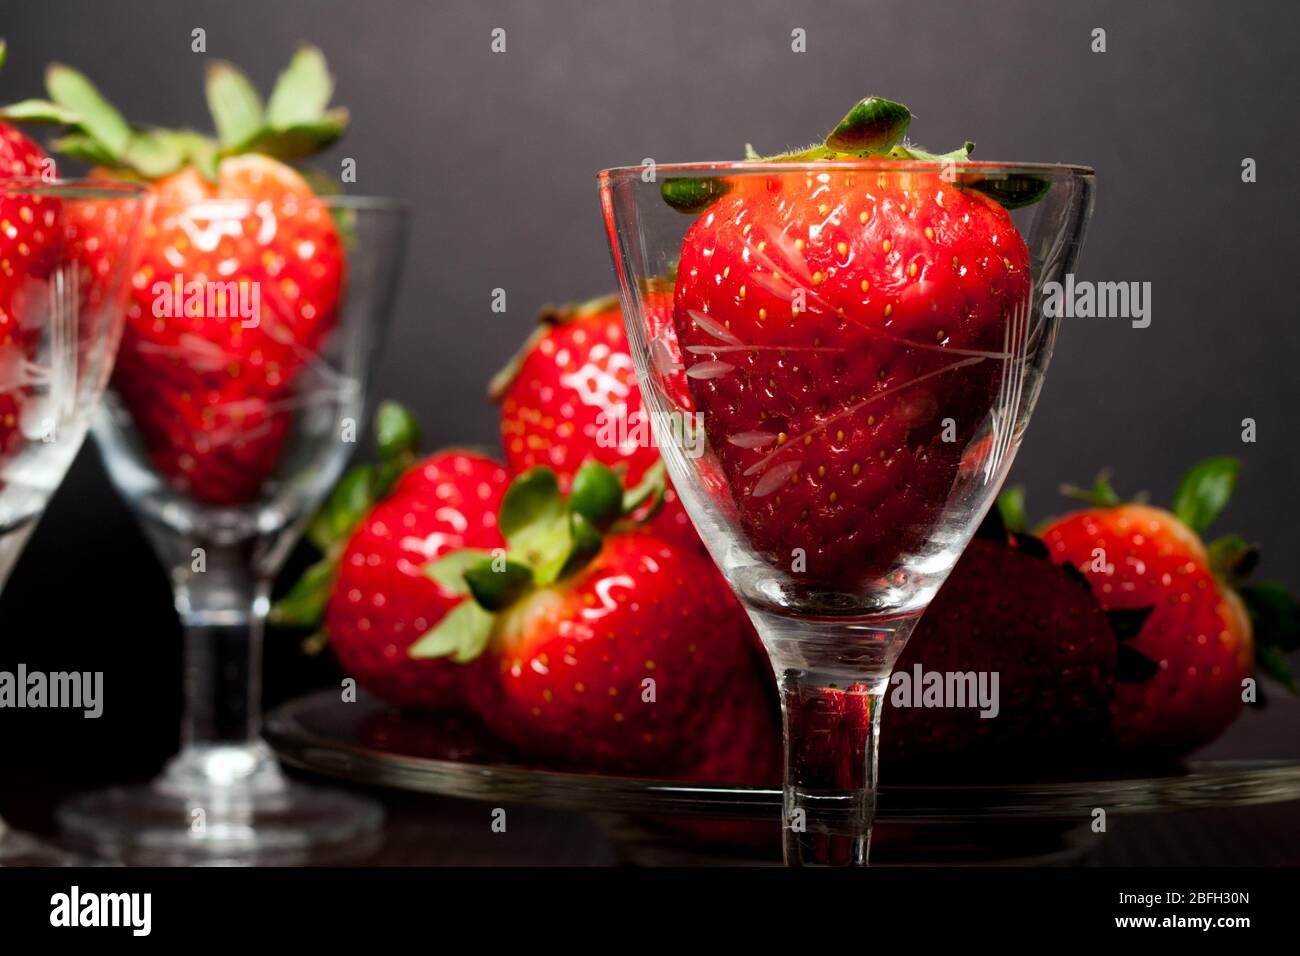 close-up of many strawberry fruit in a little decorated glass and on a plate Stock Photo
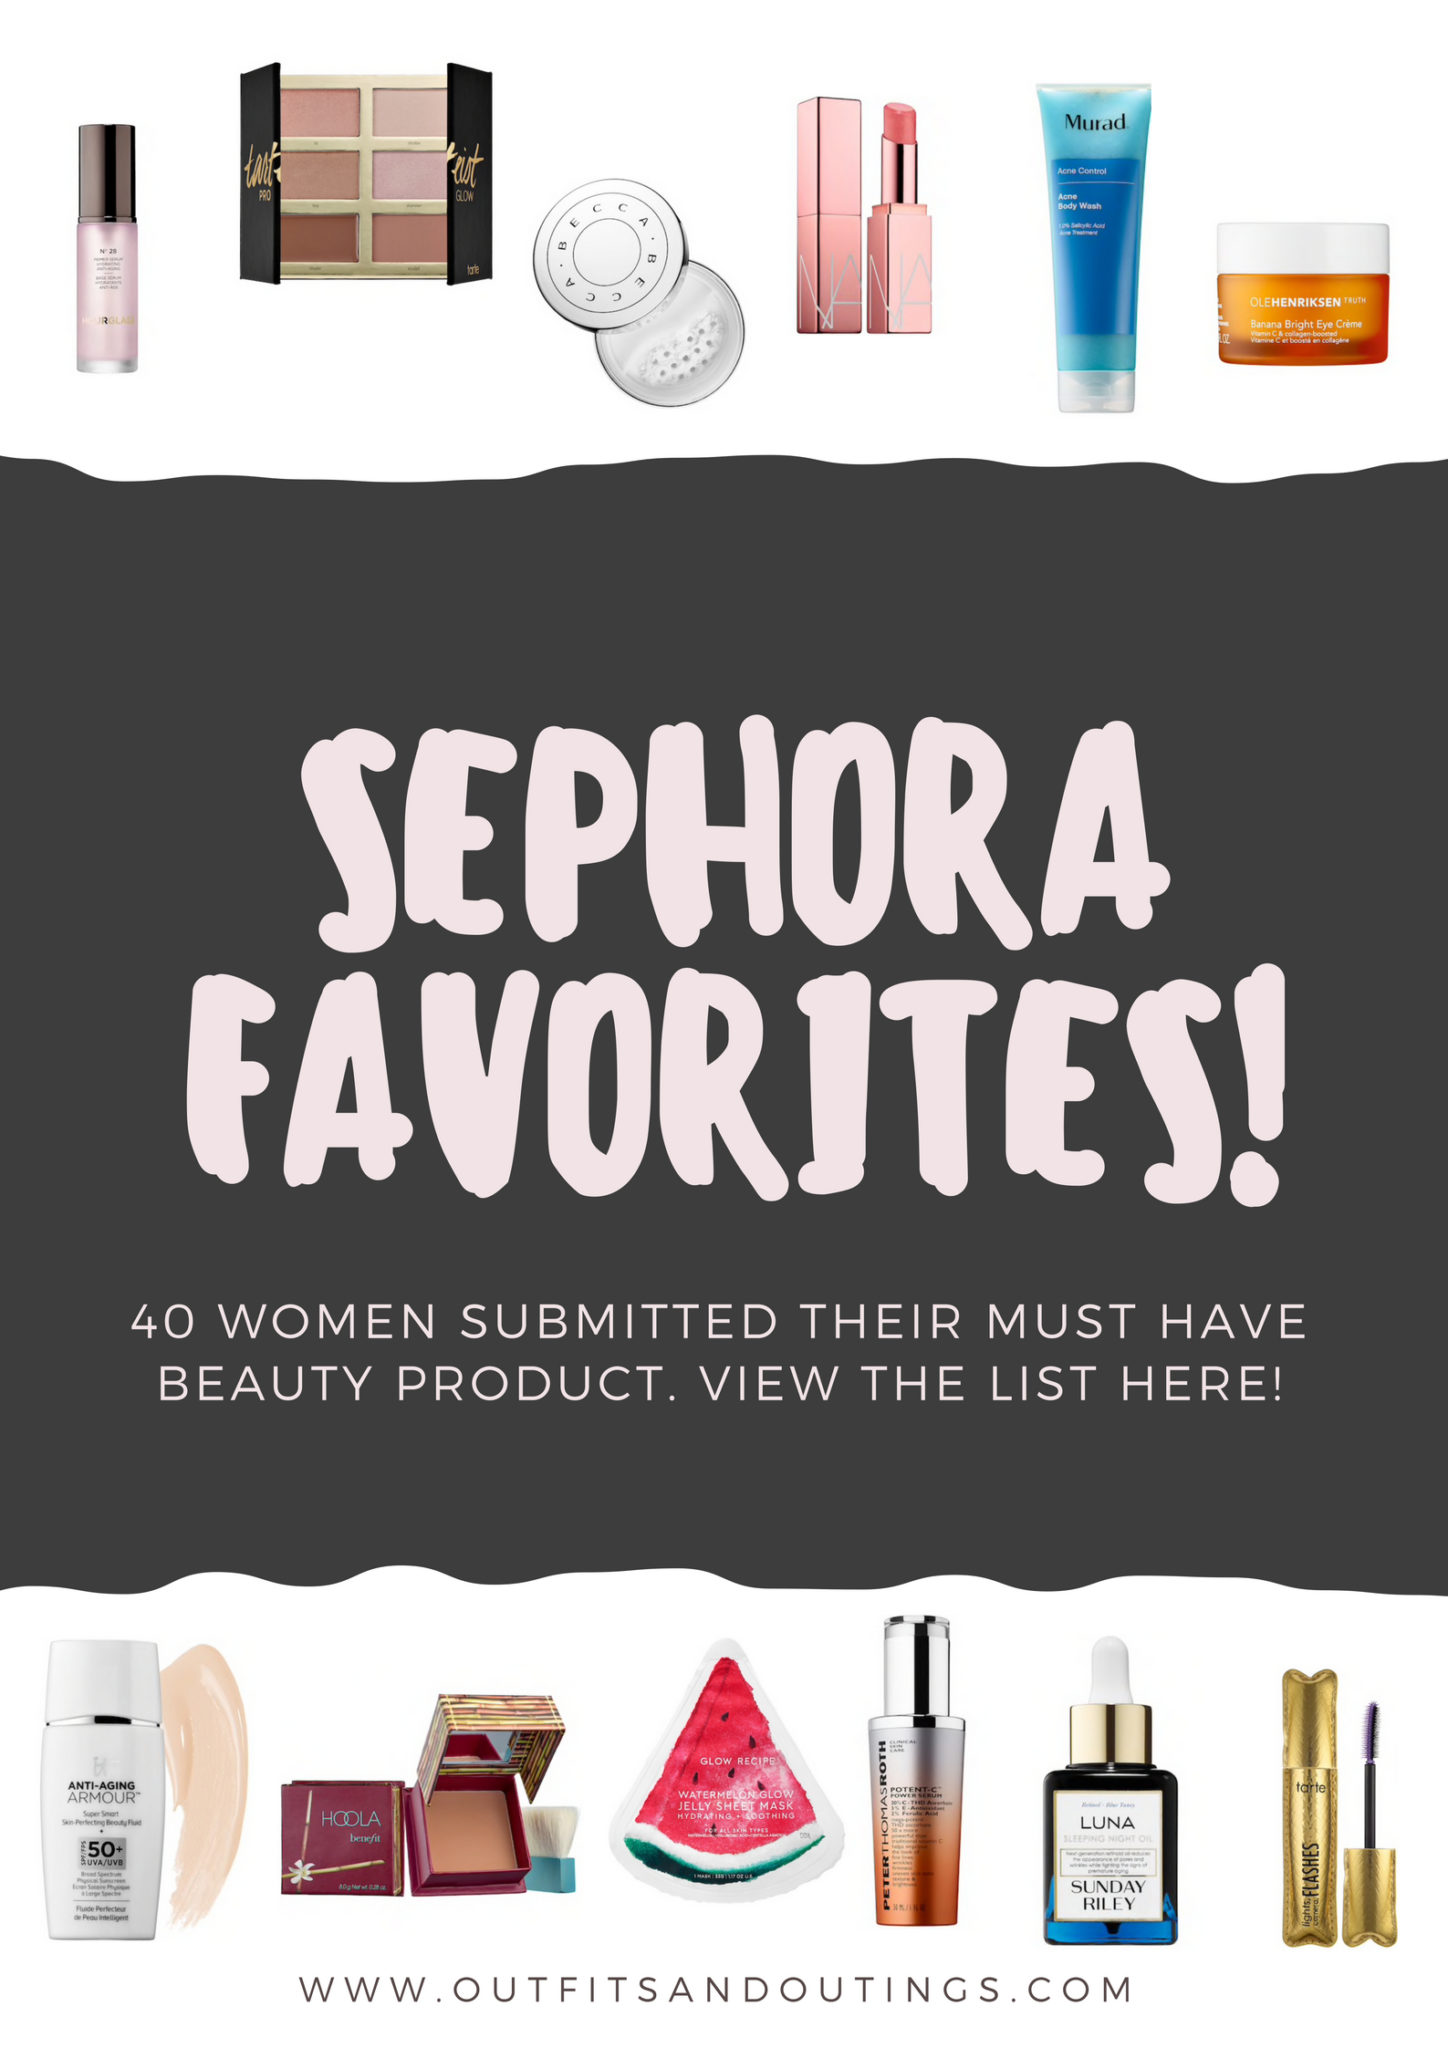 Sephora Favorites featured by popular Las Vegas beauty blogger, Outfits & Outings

--

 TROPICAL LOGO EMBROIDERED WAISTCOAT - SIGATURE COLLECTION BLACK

* * *

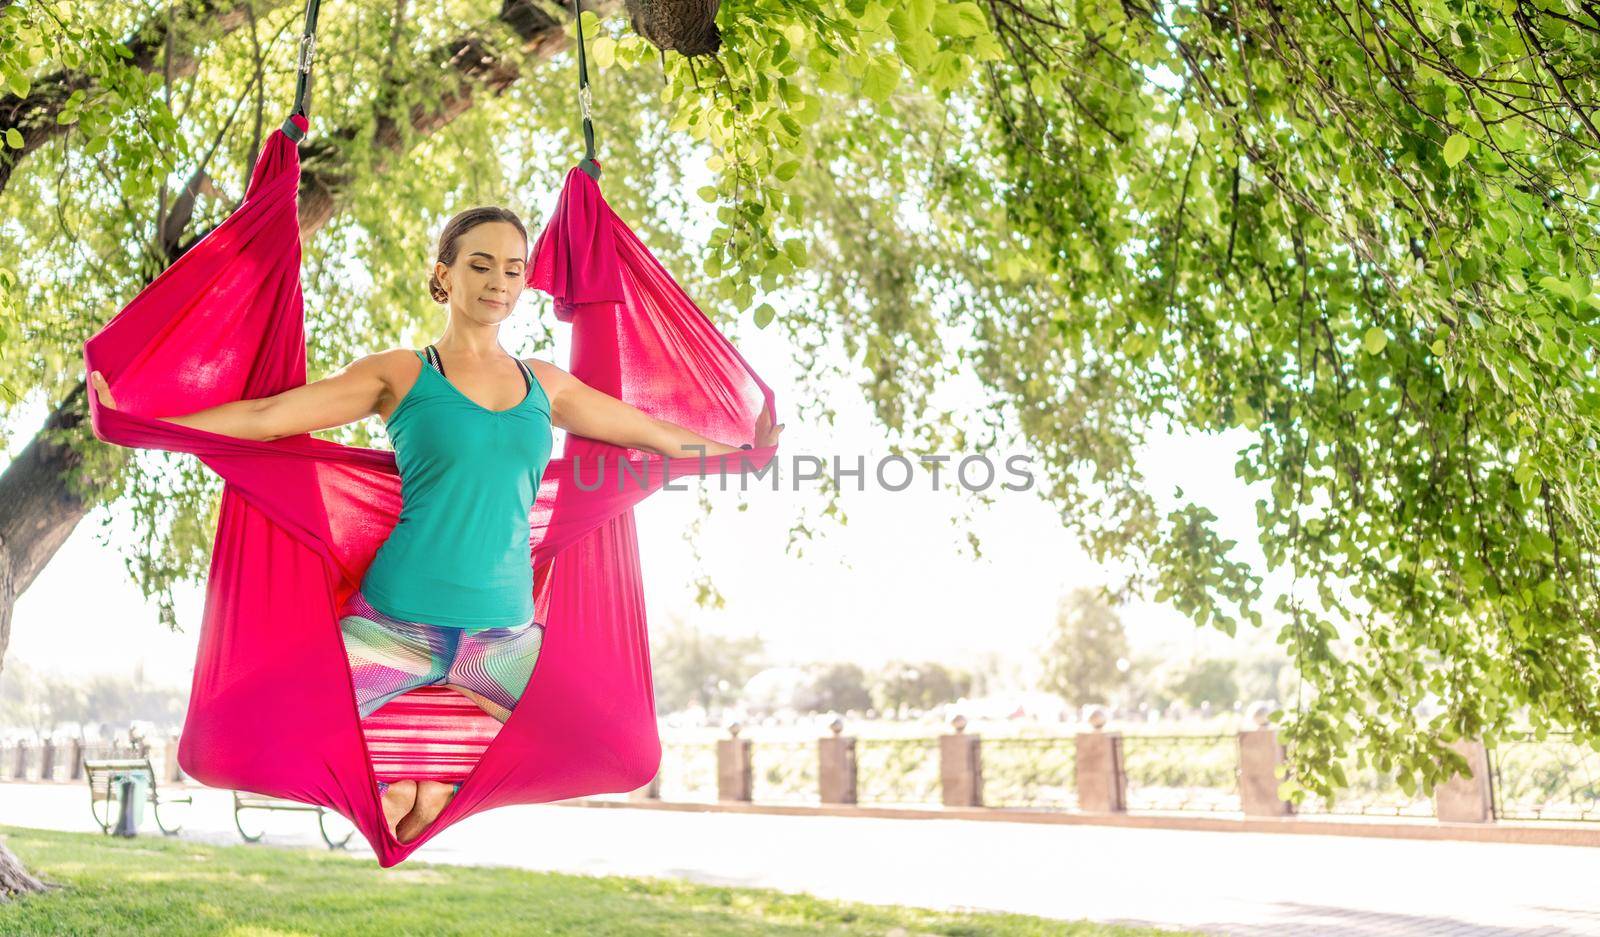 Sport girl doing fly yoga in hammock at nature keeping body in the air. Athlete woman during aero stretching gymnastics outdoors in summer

**Exercise prompt**
The answer is the lines above from the one with "close-up of many" to the one with "Sephora Favorites featured", set down exactly, with no pictures.

**Answer below**
 close-up of many strawberry fruit in a little decorated glass and on a plate Stock Photo
 Sephora Favorites featured by popular Las Vegas beauty blogger, Outfits & Outings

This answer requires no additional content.